Campus Ministries: Catholic Ministries
FORBIDDEN FRUIT
Finally she took their beautiful two year old son and returned to her parents' home. She told me of her husband's abuse and alcoholism, of the many nights he would leave her home alone while he went out dancing with his friends. And now, after months of suspicion, he had confirmed that he had another woman, and another child. She was devastated. She told me of her fear that her husband might have infected her with AIDS.
I listened to her intently and compassionately. I let her cry. I tried to comfort, guide, and encourage her. Finally I told her, "I know you want to be able to be with your husband. But, if you decide it's best for you and your son, you can live without him." She burst into tears and said: "You do understand me!"
As our lives unfold, we all come upon people or things that we need to exclude from our lives. It may be a spouse or a friend; it may be alcohol, drugs, gambling, or some other vice; it may be a particular place or job. Eventually we all come upon activities or relationships that we would very much like to be able to pursue, that may even seem indispensable for our happiness, but which are destructive for us.

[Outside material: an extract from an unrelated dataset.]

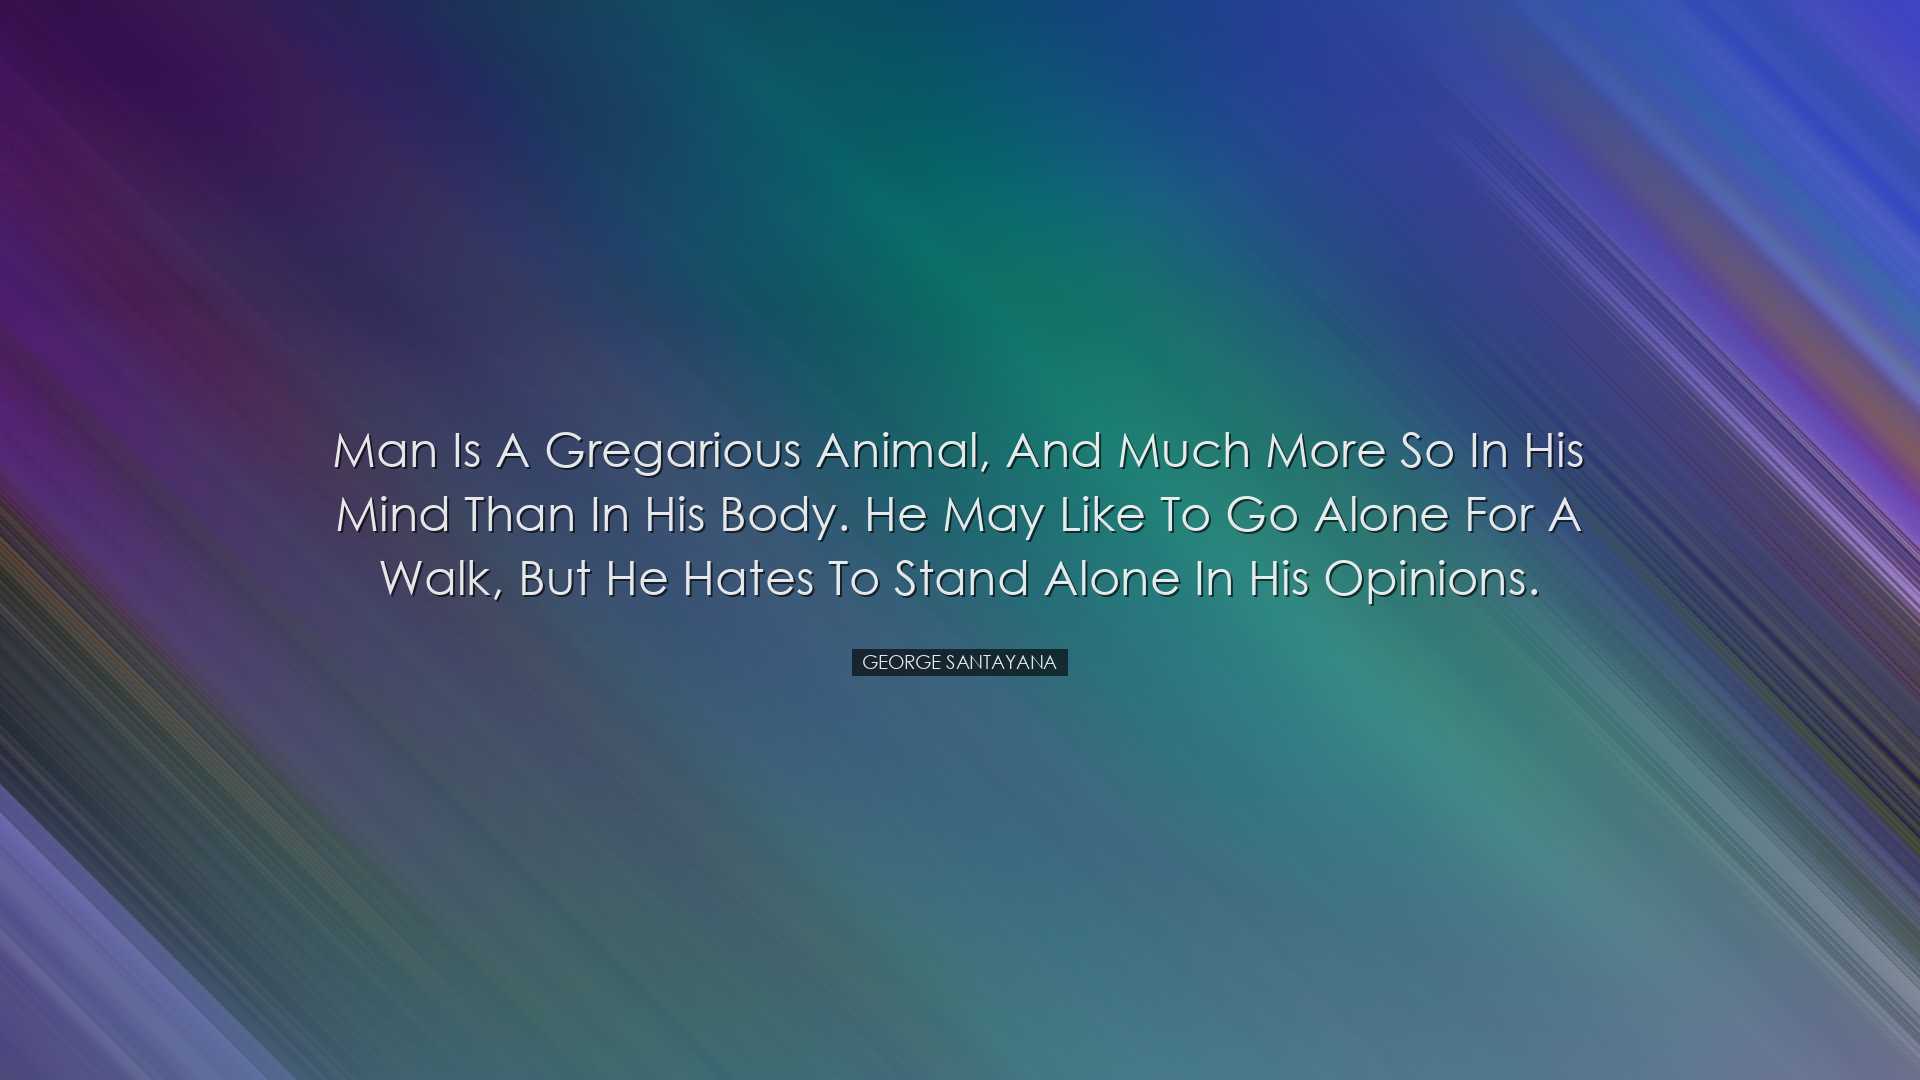 Man is a gregarious animal, and much more so in his mind than in h
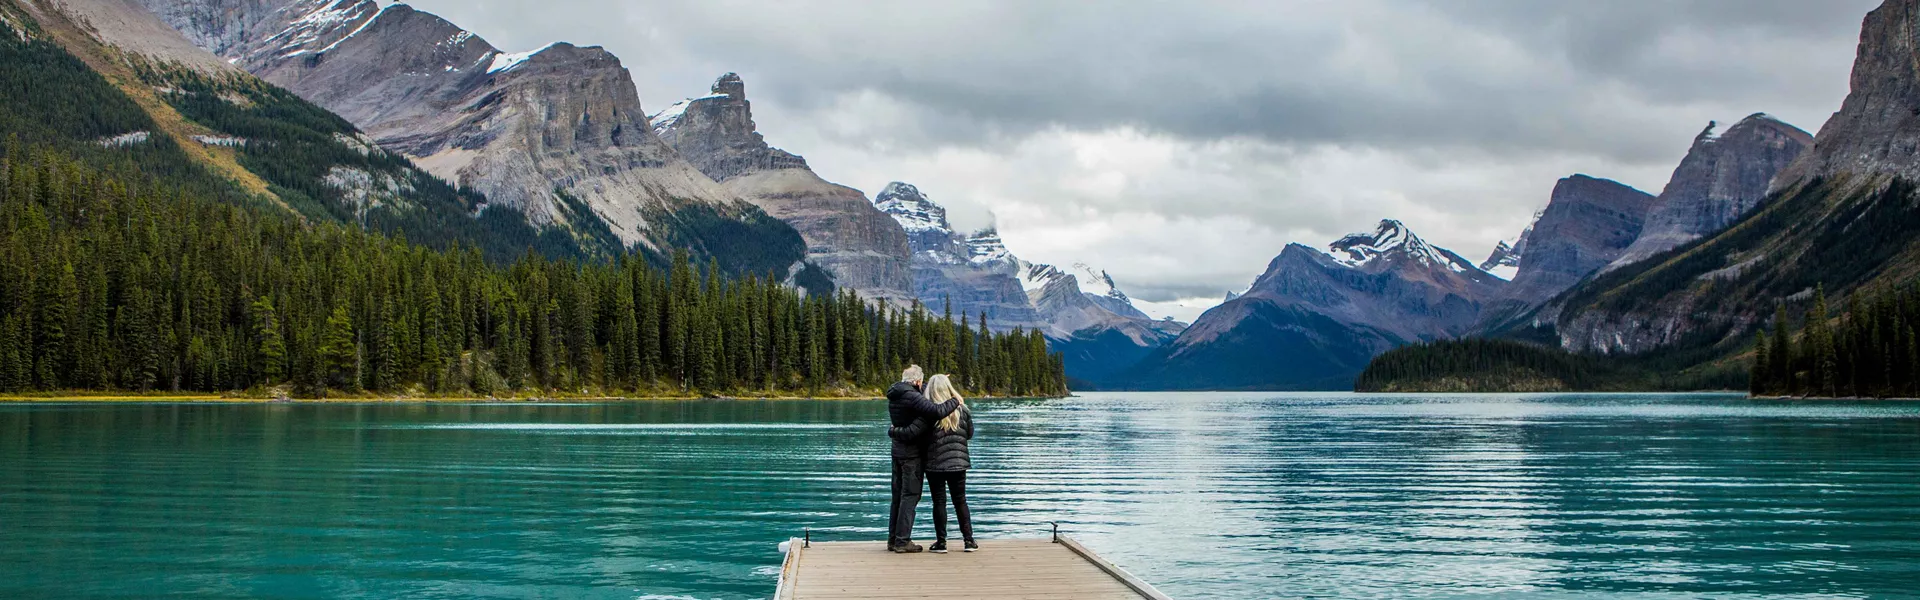 XA couple of people standing on a pier next to Maligne Lake in Canada

These are critically important junctures in our lives. The decision we make, and how soon we make it, will have tremendous impact upon ourselves and those we love, and upon our capacity to create a fruitful and genuinely happy life. We ask God to enlighten us as to the path we should take. We ask for the courage and strength to walk it.
When faced with such a choice, it is helpful to realize that, as much as we might like to be able to keep this person or thing in our lives, we can live happily without them. With the help of God's grace, we do not need them to live, or even to be happy. We can choose to let go of them and move on with our lives.
But we cannot be continually saying "No...No...No" to our destructive desires, unless we are also saying "Yes...Yes...Yes" to other, more wholesome, interests. At the same time as we are struggling to let go of what is harmful to us, we need to fill up our lives with new, or renewed, friendships and activities. At first, these alternative involvements will not feel nearly as satisfying as the ones we are leaving behind. But they will be life-enhancing, and, as time passes and our hearts heal, they will come to satisfy our emotional needs. They may even lead us to greater happiness than we've ever experienced before.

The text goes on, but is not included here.